(What you will do)
Output only the lines below from the one holding "Mini Pesto Grilled Cheese photo collage" down to the one holding "Der würzig gefüllte", both end lines included and every picture dropped.

(Data records)
===

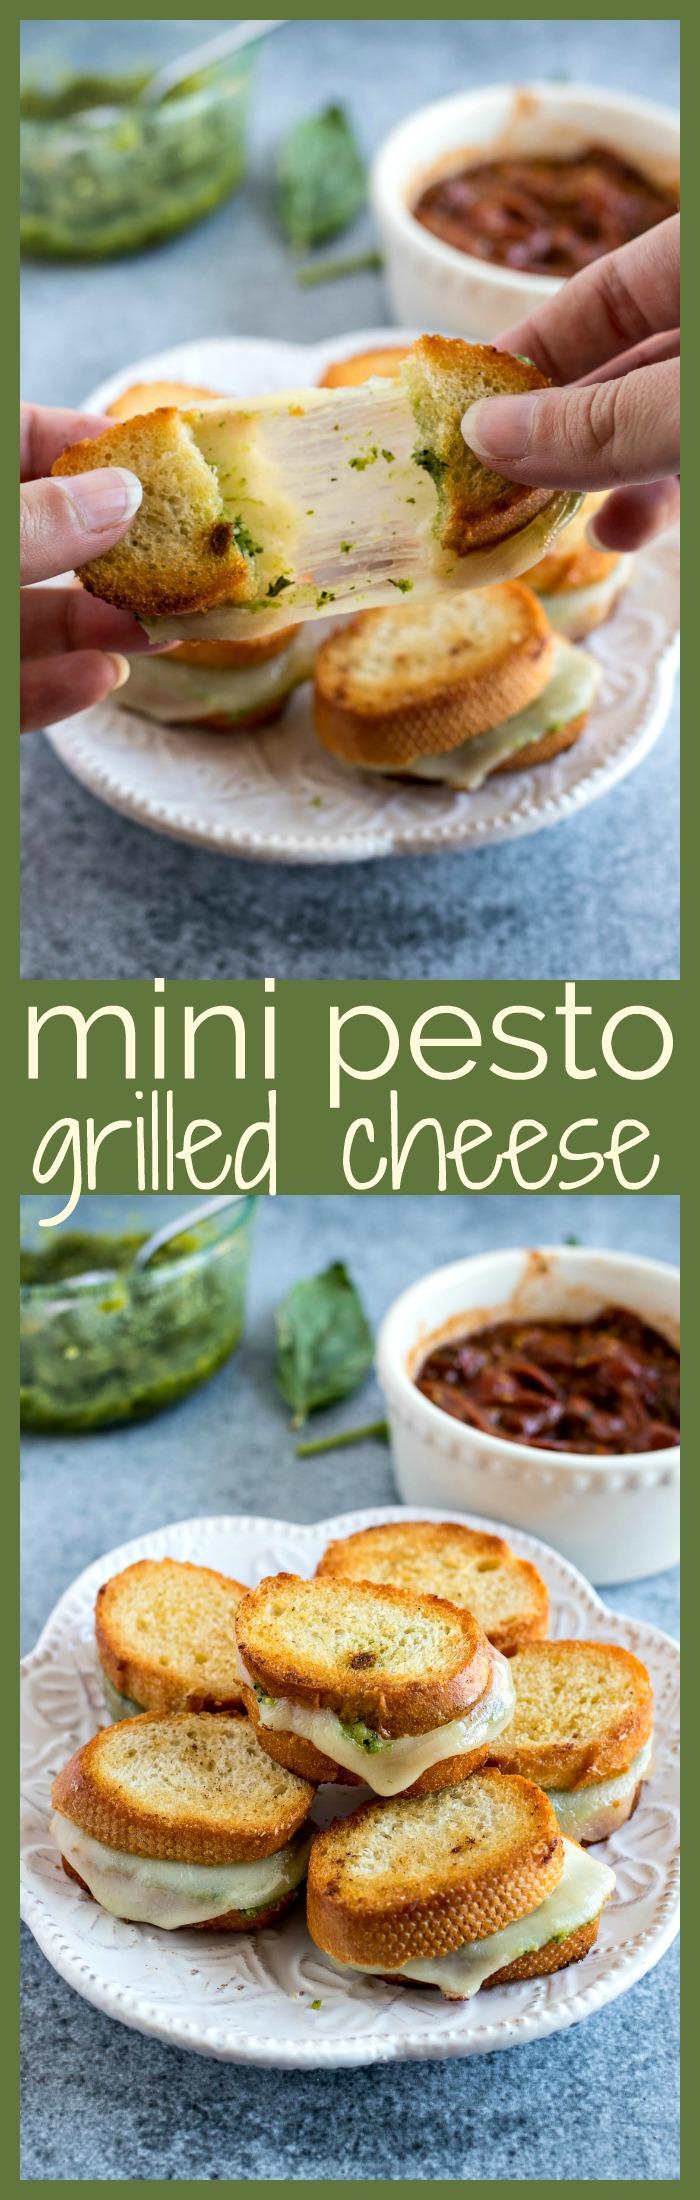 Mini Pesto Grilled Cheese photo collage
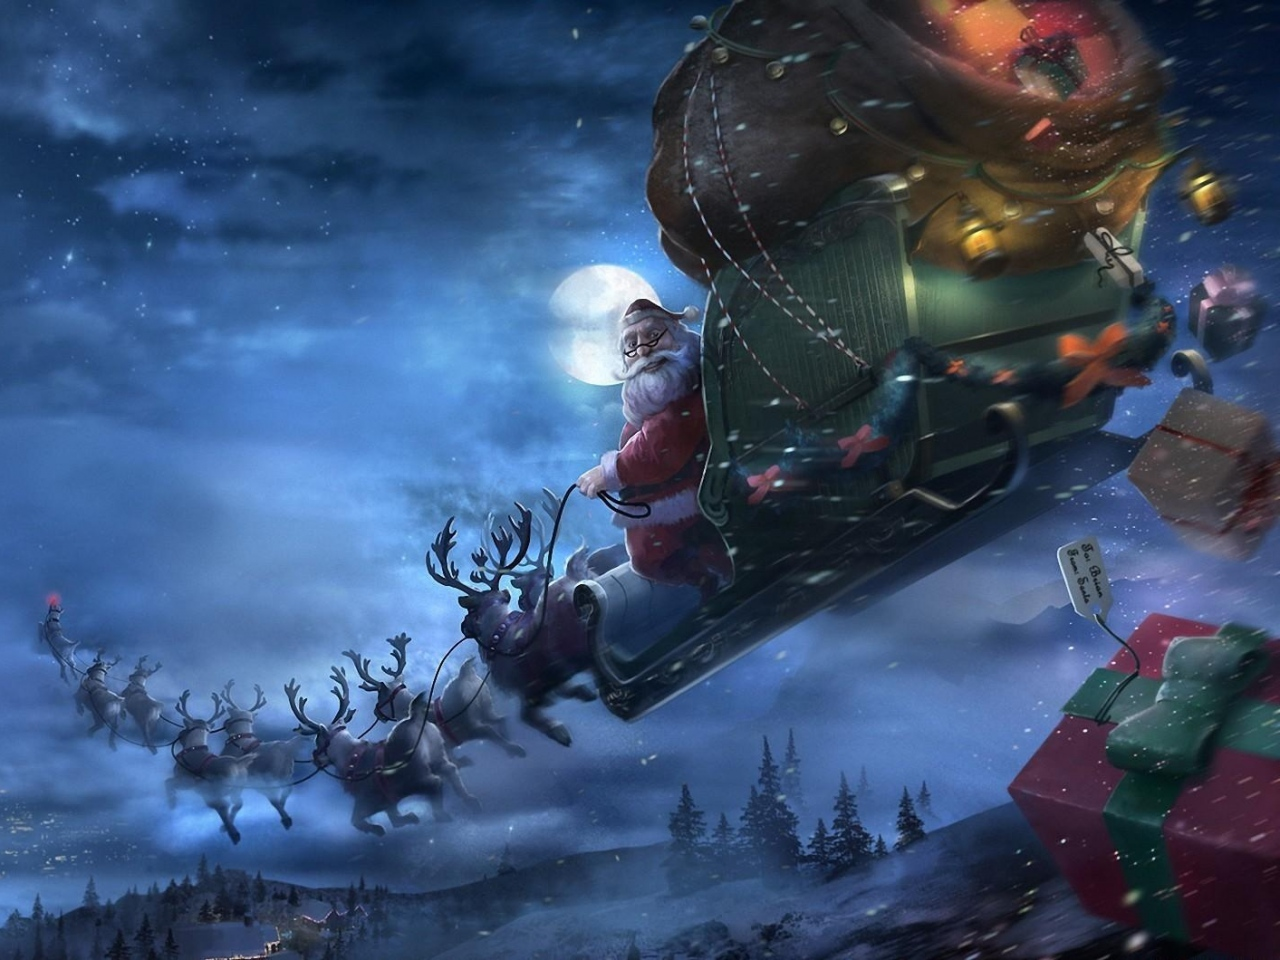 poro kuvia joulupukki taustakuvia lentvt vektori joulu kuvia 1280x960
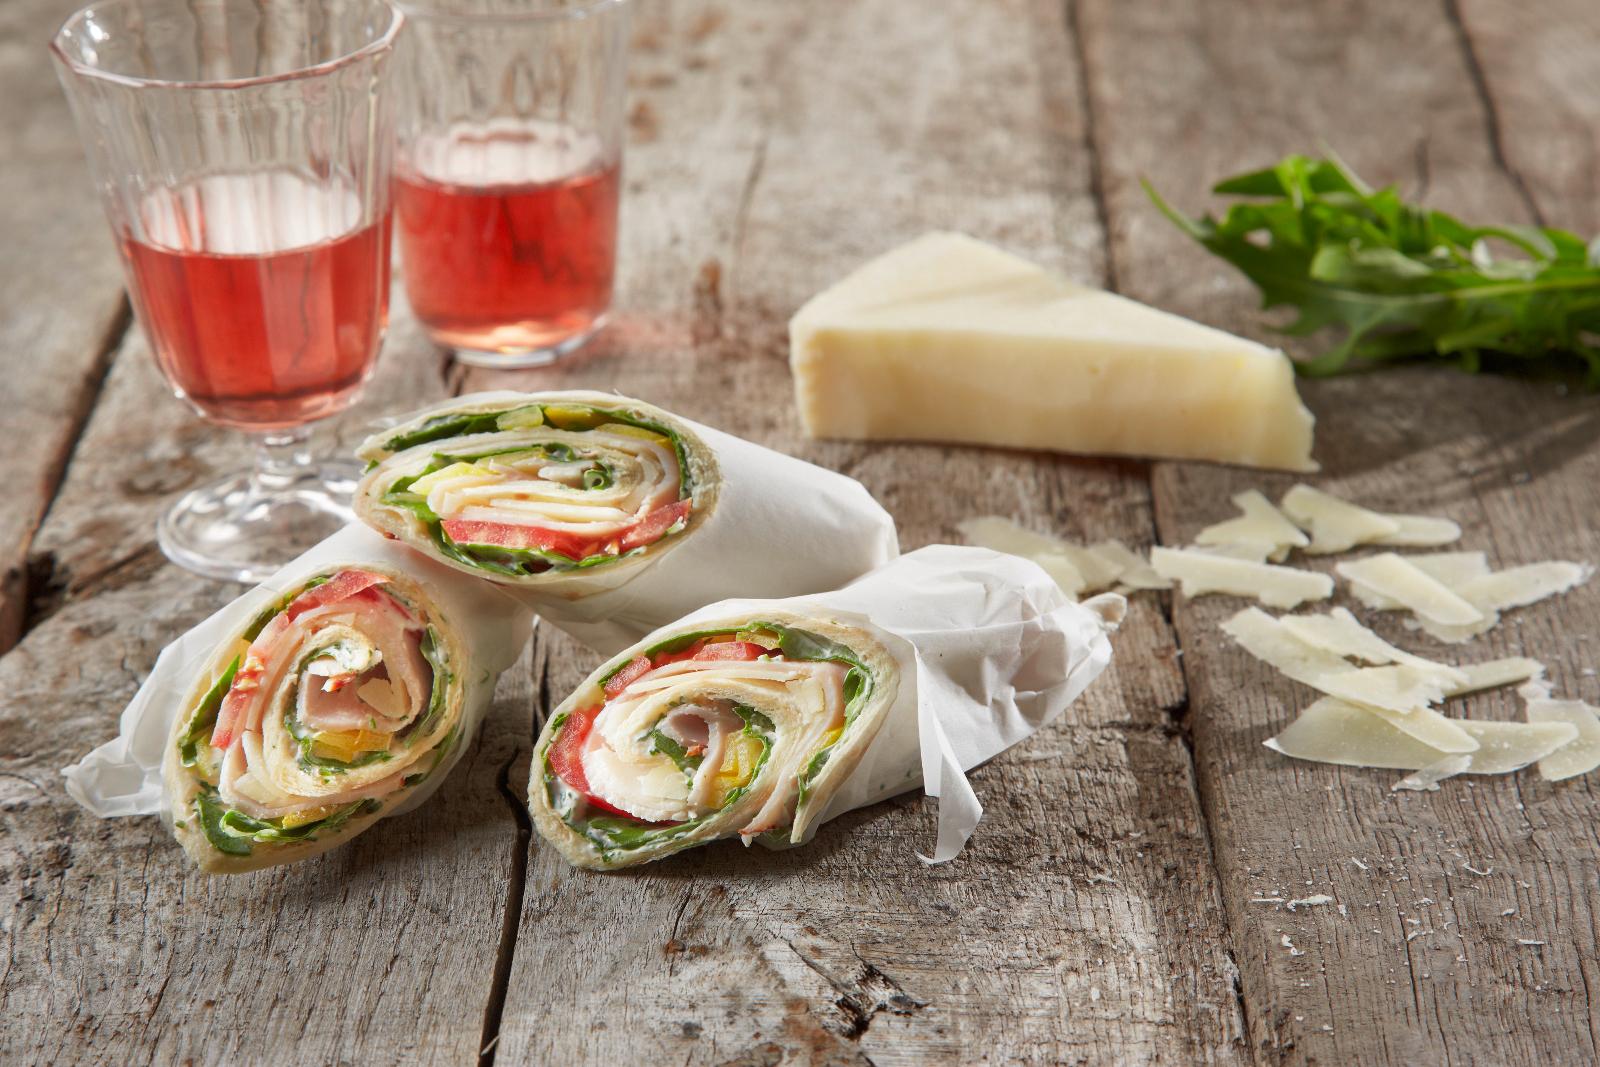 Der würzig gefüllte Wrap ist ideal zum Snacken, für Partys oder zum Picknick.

===

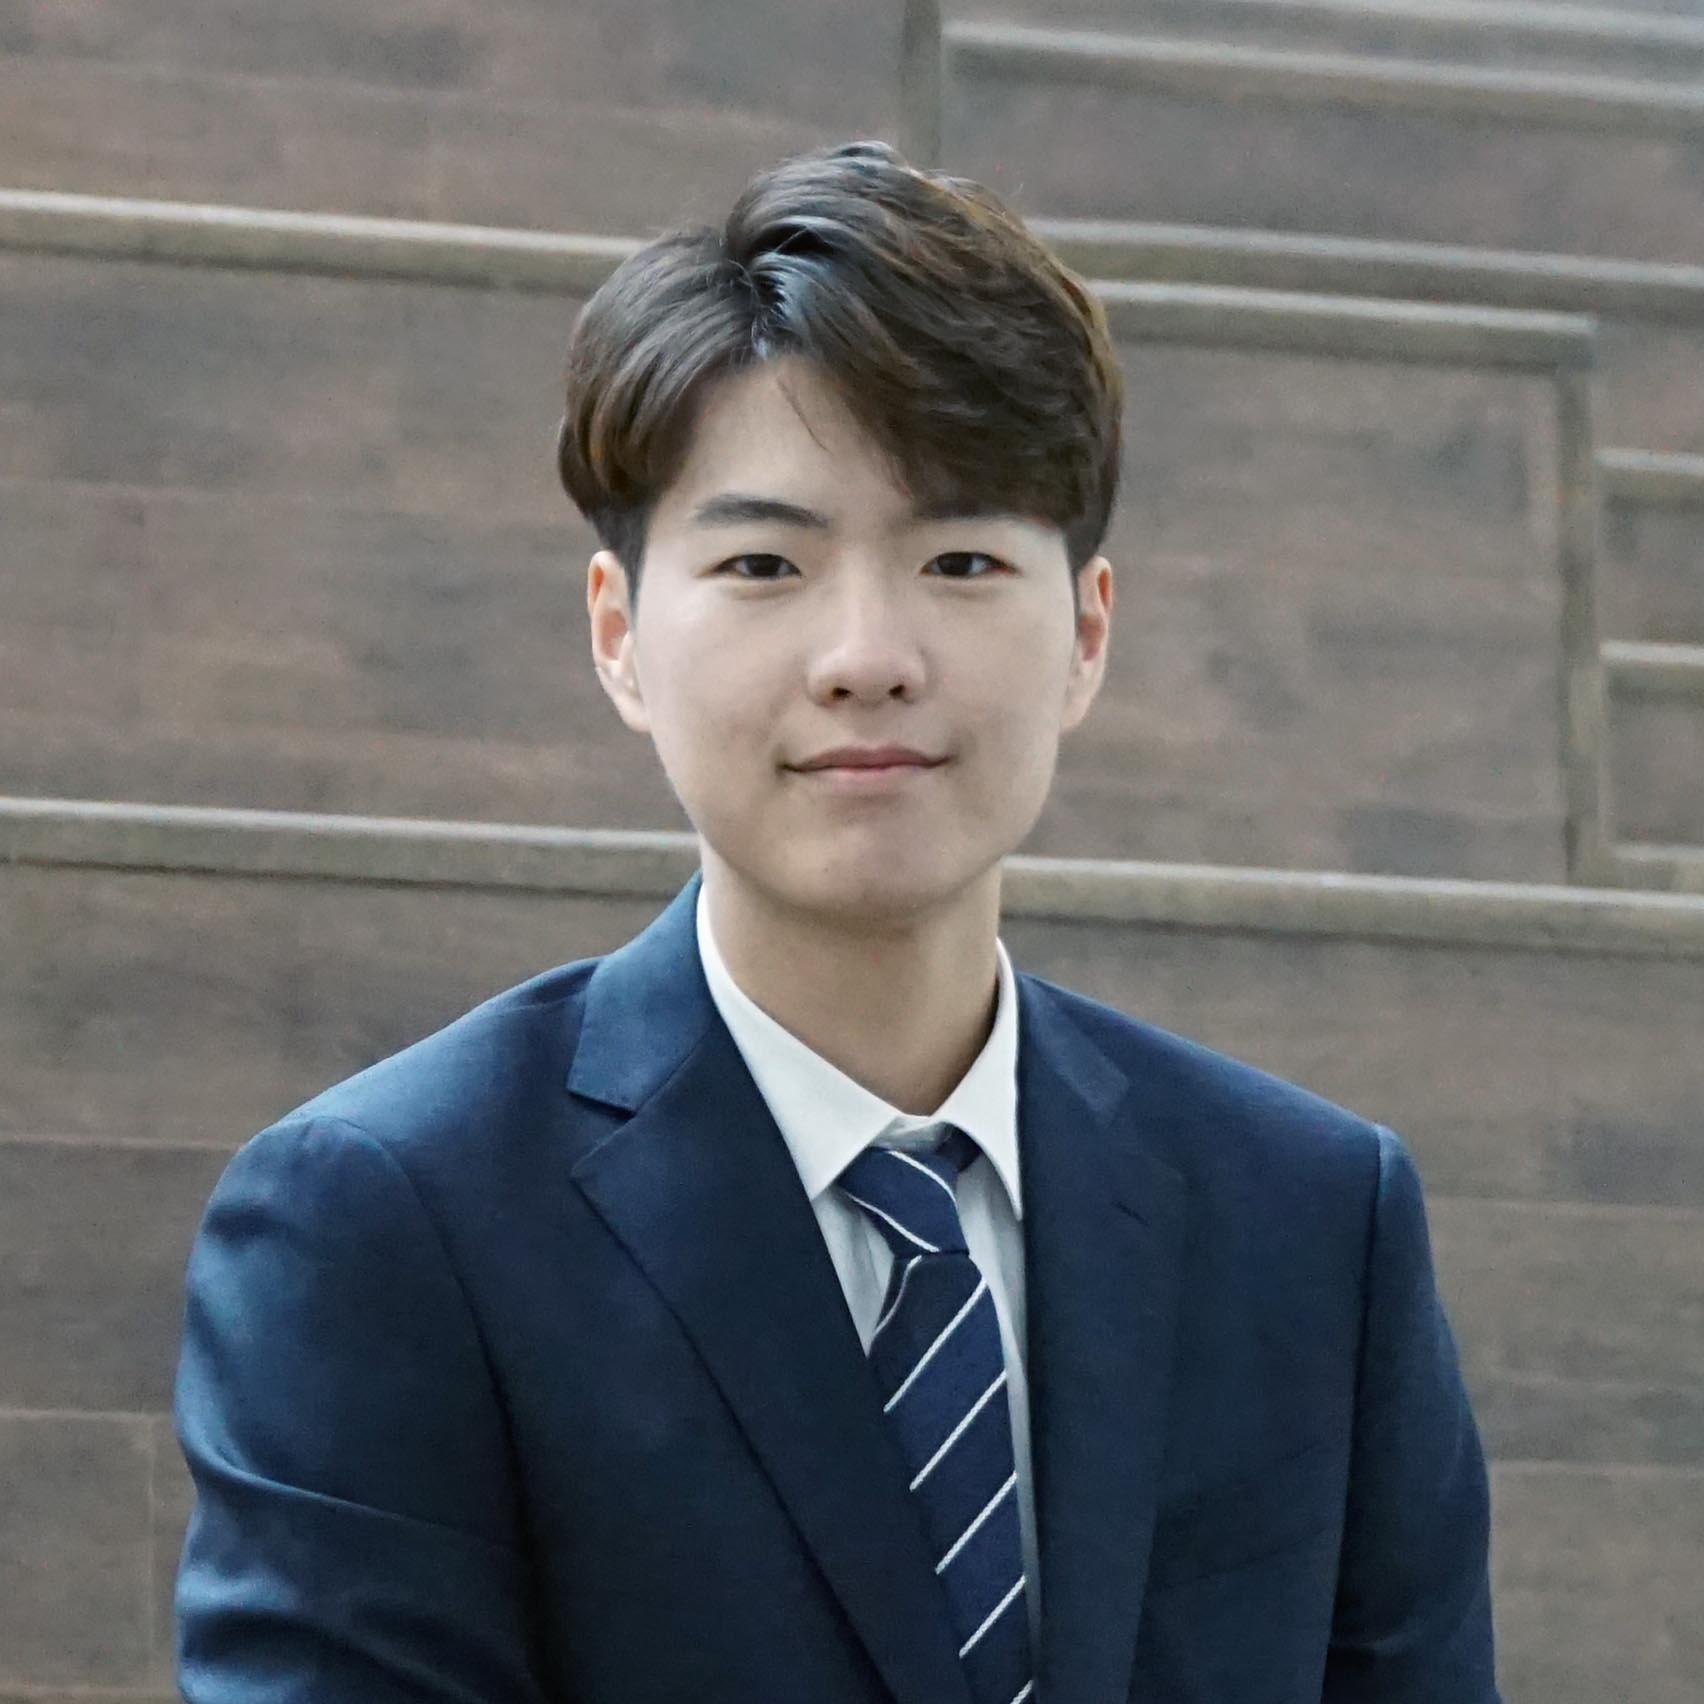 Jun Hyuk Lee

===

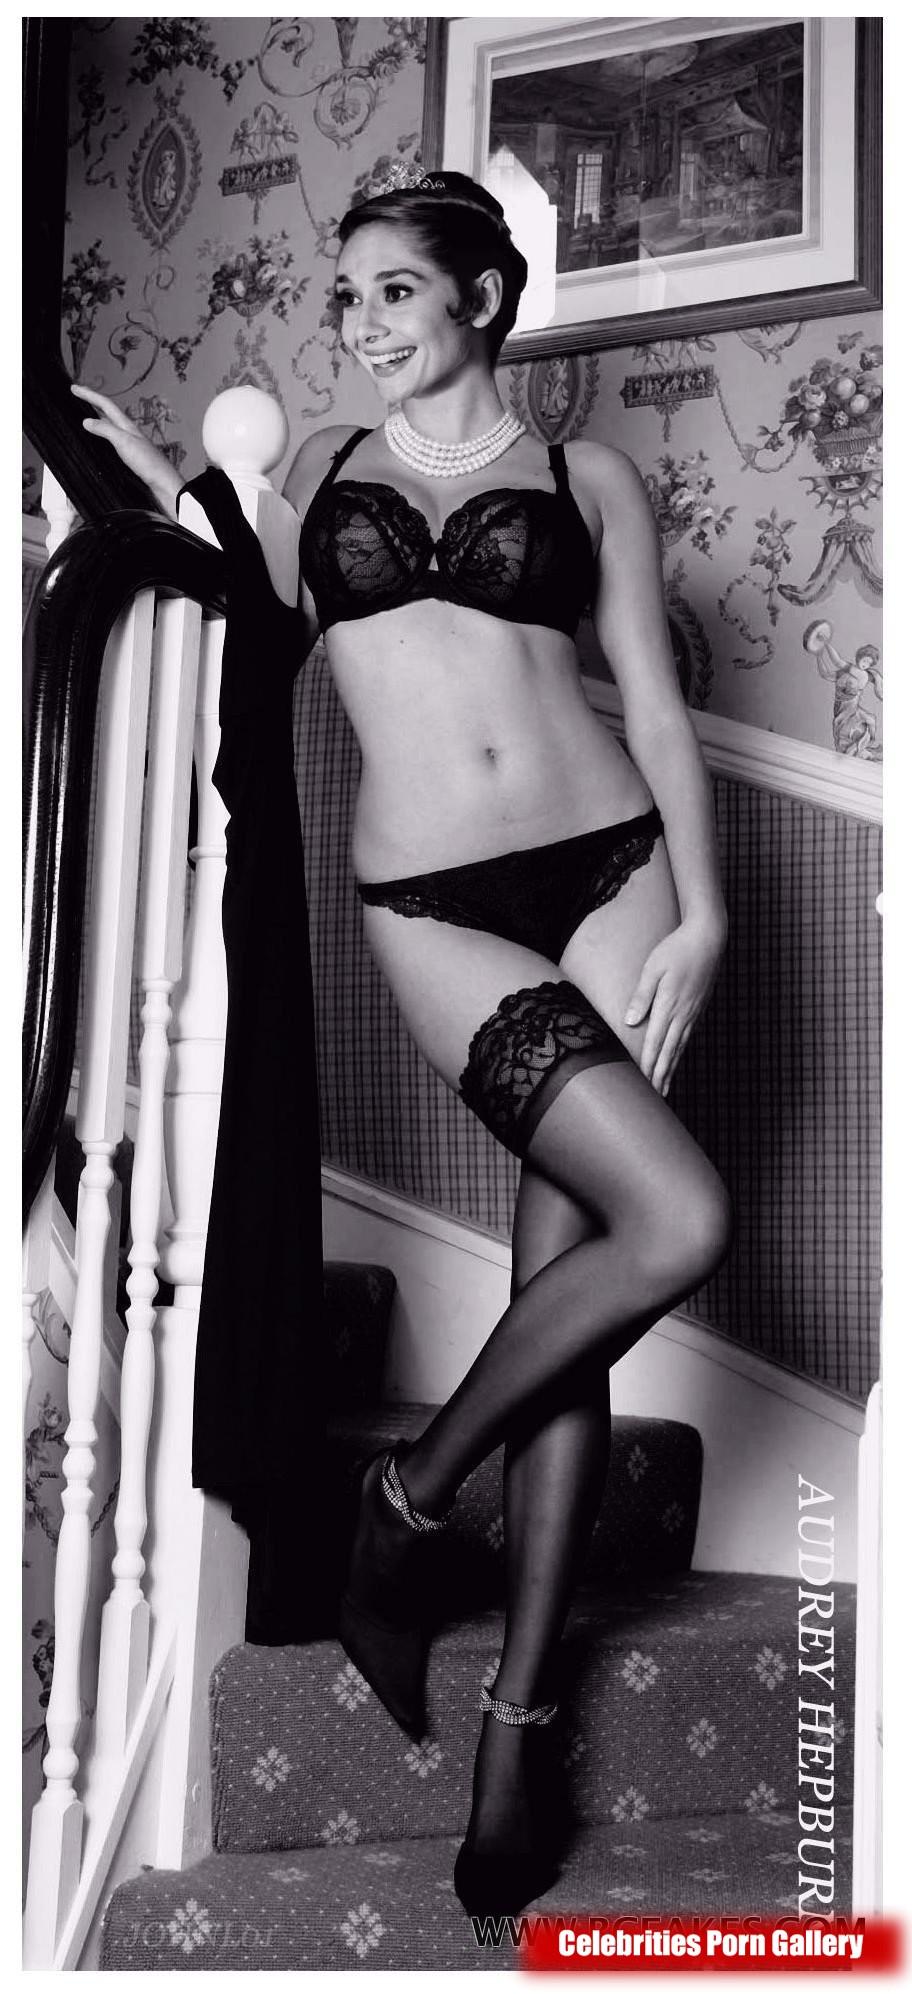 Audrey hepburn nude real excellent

===

(Written answer)
 Mini Pesto Grilled Cheese photo collage
 poro kuvia joulupukki taustakuvia lentvt vektori joulu kuvia 1280x960
 Der würzig gefüllte Wrap ist ideal zum Snacken, für Partys oder zum Picknick.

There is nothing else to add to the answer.